Two highest-occupied and lowest-occupied MOs for c-C3(C2H)2 and c-C3(CN)2.

3.2 Quartic force field spectra

Of the three molecules, c-C3(C2H)2, c-C3(CN)2, and c-C3(C2H)(CN), for which rovibrational data was computed, the c-C3(C2H)2 molecule has the largest anharmonic frequency intensities. The largest intensity for c-C3(C2H)2, as shown in Table 3, is v2 at 3316.9 cm–1 (3.01 μm), with an intensity of 140 km mol−1, and the second largest intensity is v14 at 592.8 cm–1 (16.9 μm), with an intensity of 71 km mol–1. Both of these intensities are on the same magnitude or larger of the antisymmetric stretch of water, which is about 70 km mol–1. The two intense frequencies for c-C3(C2H)2 fall within the range of the Near Infrared Spectrograph) NIRSpec) instrument on JWST, which has high resolution and could aid in detection. These two frequencies should be intense enough to be observed with JWST if the abundances as estimated above are true. The harmonic vibrational frequencies and intensities have been previously computed at the CCSD(T)/cc-pVTZ level of theory (Thimmakondu & Karton 2017). Between the previous level of theory and the F12-DZ computed in this work, a majority of the harmonic frequencies agree within 5 cm–1. The biggest differences come from the symmetric and antisymmetric stretches of carbon in the ring and the out-of-plane bends. While the two levels of theory for the harmonic intensities differ quantitatively from each other, they agree qualitatively in the relative intensities of the frequencies.
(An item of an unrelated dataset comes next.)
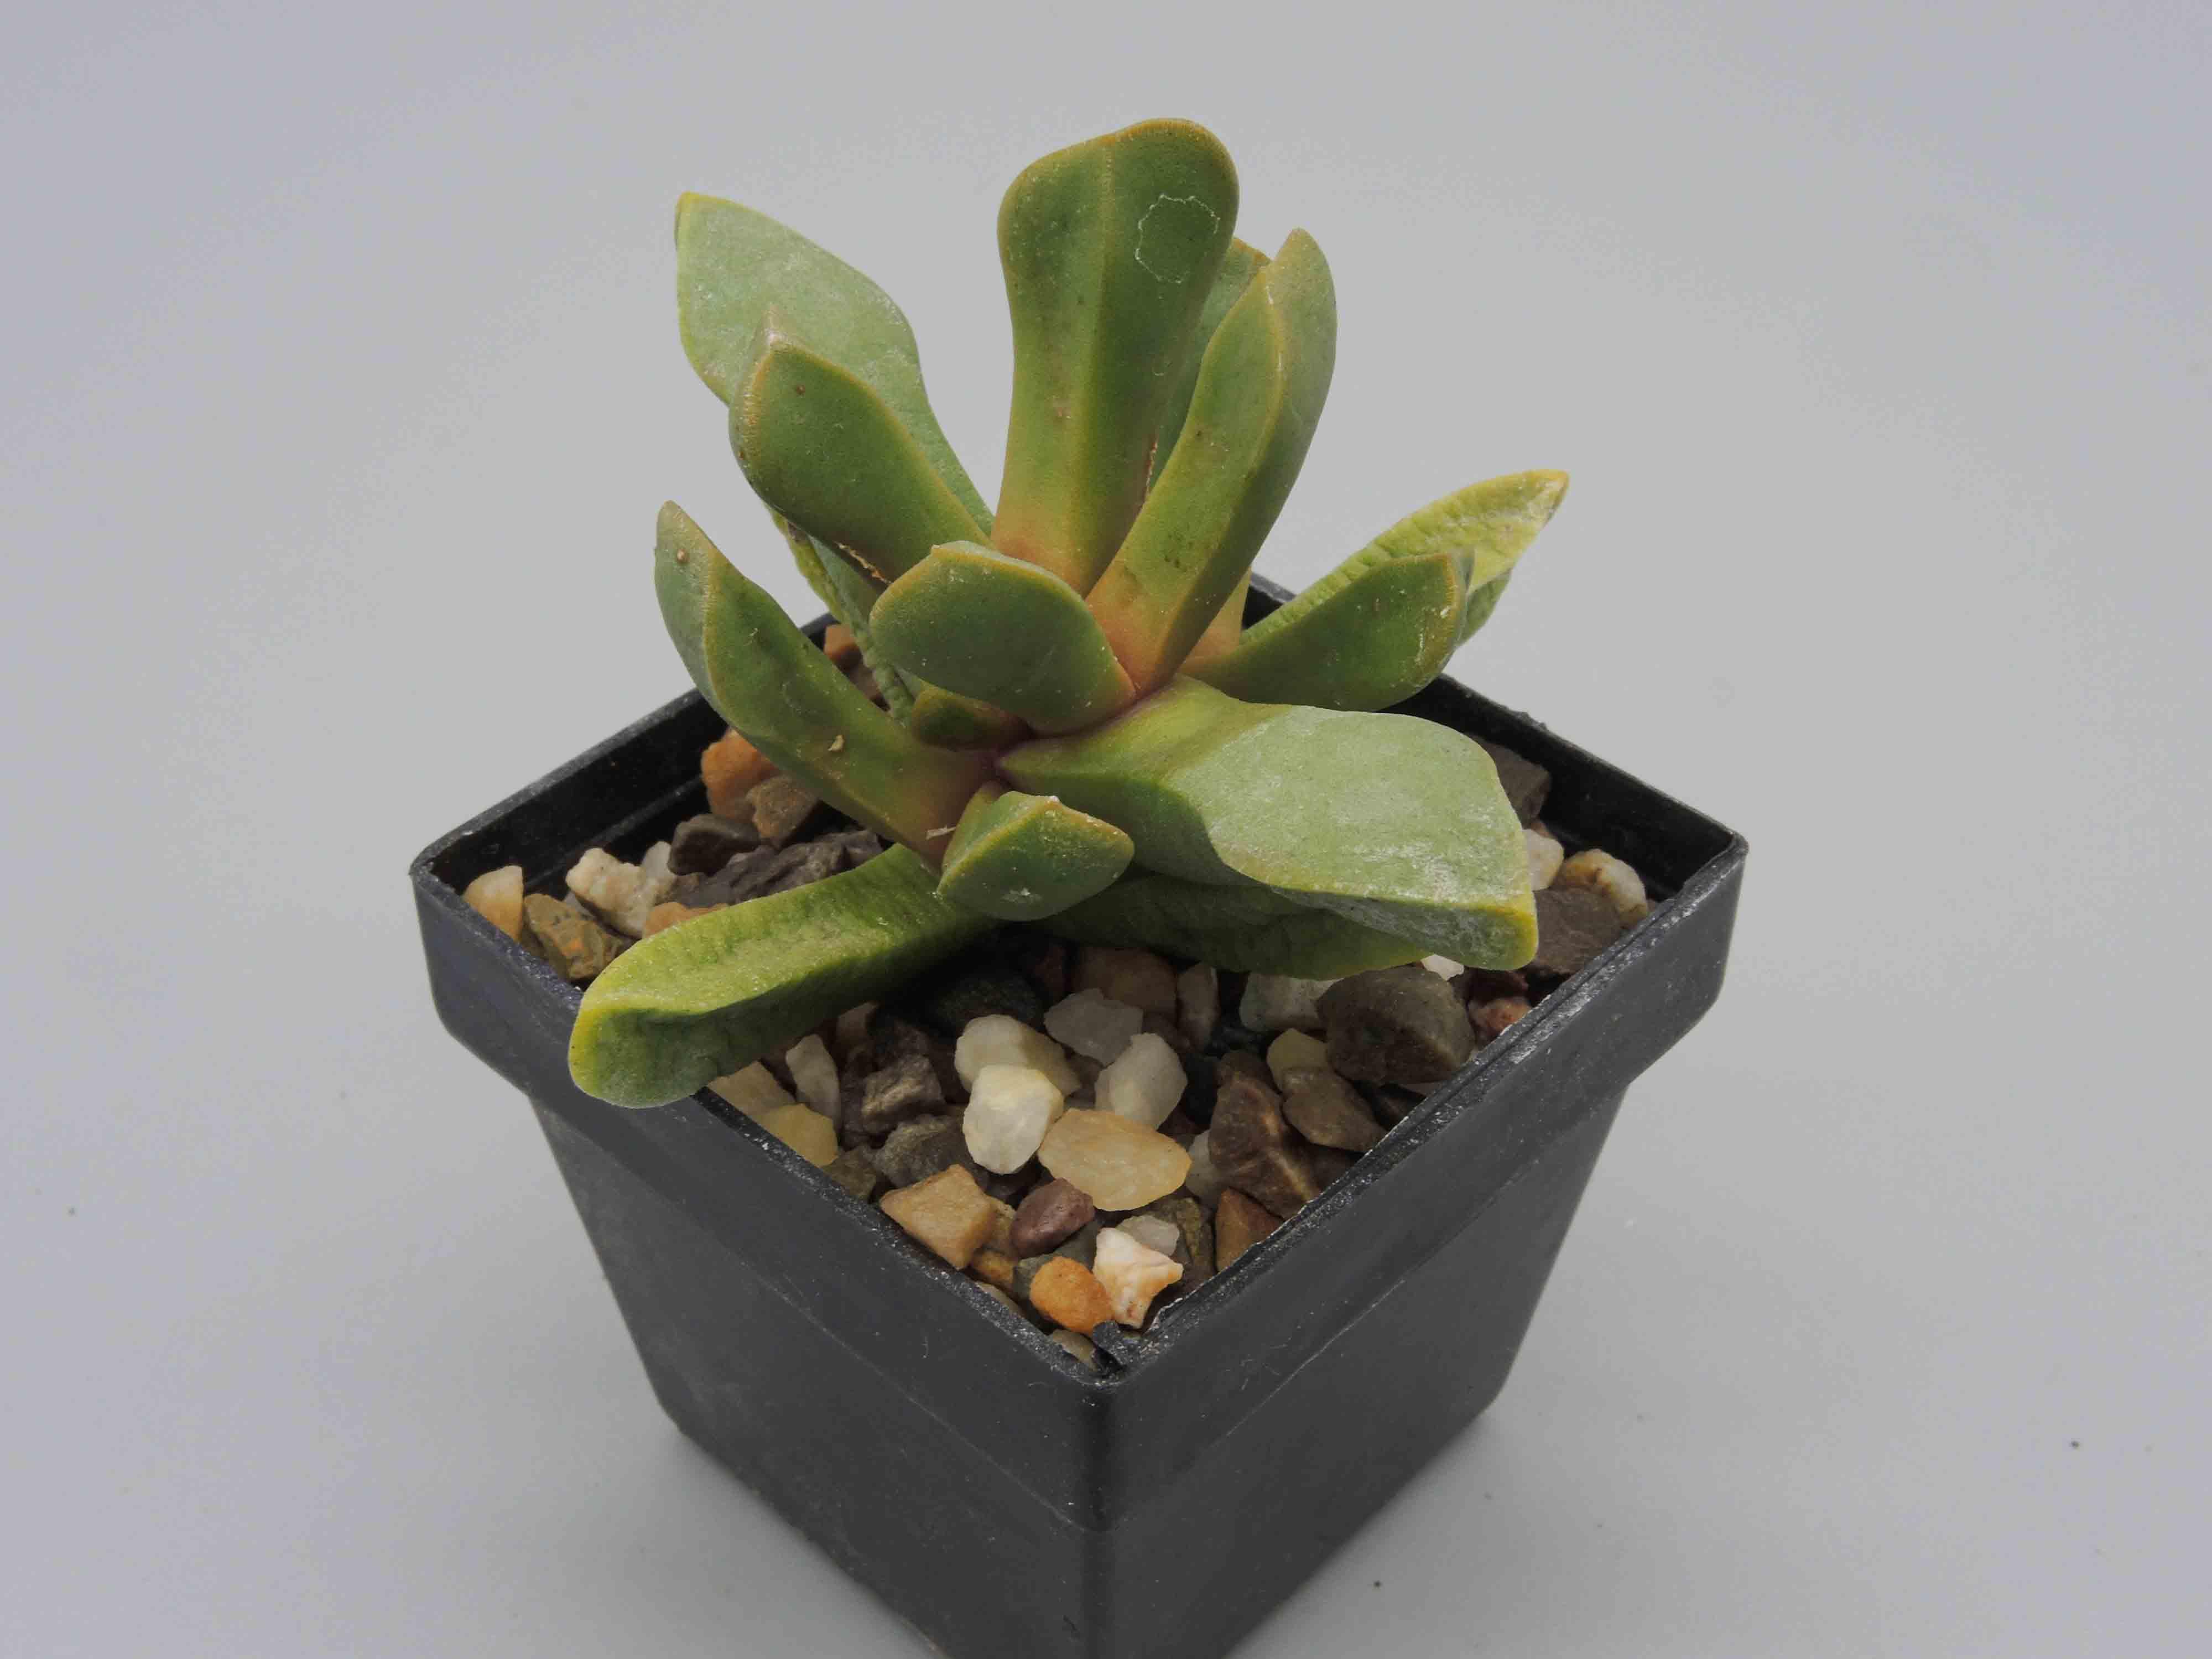 Cerochlamys pachyphylla Oudtshoorn

Shown in Table 4, c-C3(C2H)(CN) has one intense peak: v1 at 3321.0 cm–1 (3.01 μm), with an intensity of 82 km mol–1. This intense frequency corresponds to the C-H stretch of the ethynyl group and is nearly the same as the v2 stretch in c-C3(C2H)2. This one intense peak for c-C3(C2H)(CN) falls within the range of the NIRSpec instrument on JWST. However, c-C3(CN)2 does not have any intensities of around 70 km mol–1 or greater (see Table 5), which could increase the difficulty of the vibrational detection for c-C3(C2H)(CN). Additionally, the NIRSpec and Mid-Infrared Instrument (MIRI) can only capture spectra to about 333 cm–1, which makes v4 at 1218.3 cm–1 (8.21 μm), with an intensity of 37 km mol–1, the frequency with the highest intensity that could be detected by the JWST. Between the levels of theory in the harmonic vibrational frequencies, F12-DZ and F12-TZ agree within 3 cm–1. Though F12-DZ-cCR differs more in the harmonic vibrational frequencies, this is expected when considering F12-DZ-cCR also includes core correlation and relativistic corrections that are not included in F12-DZ and F12-TZ. There is more variation in the anharmonic vibrational frequencies between the levels of theory, but many of the frequencies have little to no intensity or fall below the high resolution capabilities of the aforementioned instruments on JWST.

Though c-C3(CN)2 has not been reported experimentally, the studies of Smith et al. (1994) and Tittle et al. (1999) show that while NC4N discharges in Ar matrices successfully produce the linear isomer of c-C3(CN)2, there are unidentified infrared features in the experimental spectrum of Smith et al. (1994) that were not computationally reproduced by Tittle et al. (1999). Upon examination of these “leftover” vibrational frequencies, c-C3(CN)2 was found not to be responsible for the excess features. For this to be the case, the bright v4 (a1) vibrational mode of c-C3(CN)2 would be expected to be prominent due to the experimental methods of Smith et al. (1994) filtering out most vibrational features that do not belong to the totally symmetric, irreducible representation (Tittle et al. 1999). Therefore, c-C3(CN)2 may not have yet been produced in a laboratory environment or may have only been produced in environments in which it immediately undergoes isomerization or some other chemical process. As such, additional and unknown chemistry of this molecule persists even though c-C3(CN)2 appears to form easily. These aspects will be explored in future work.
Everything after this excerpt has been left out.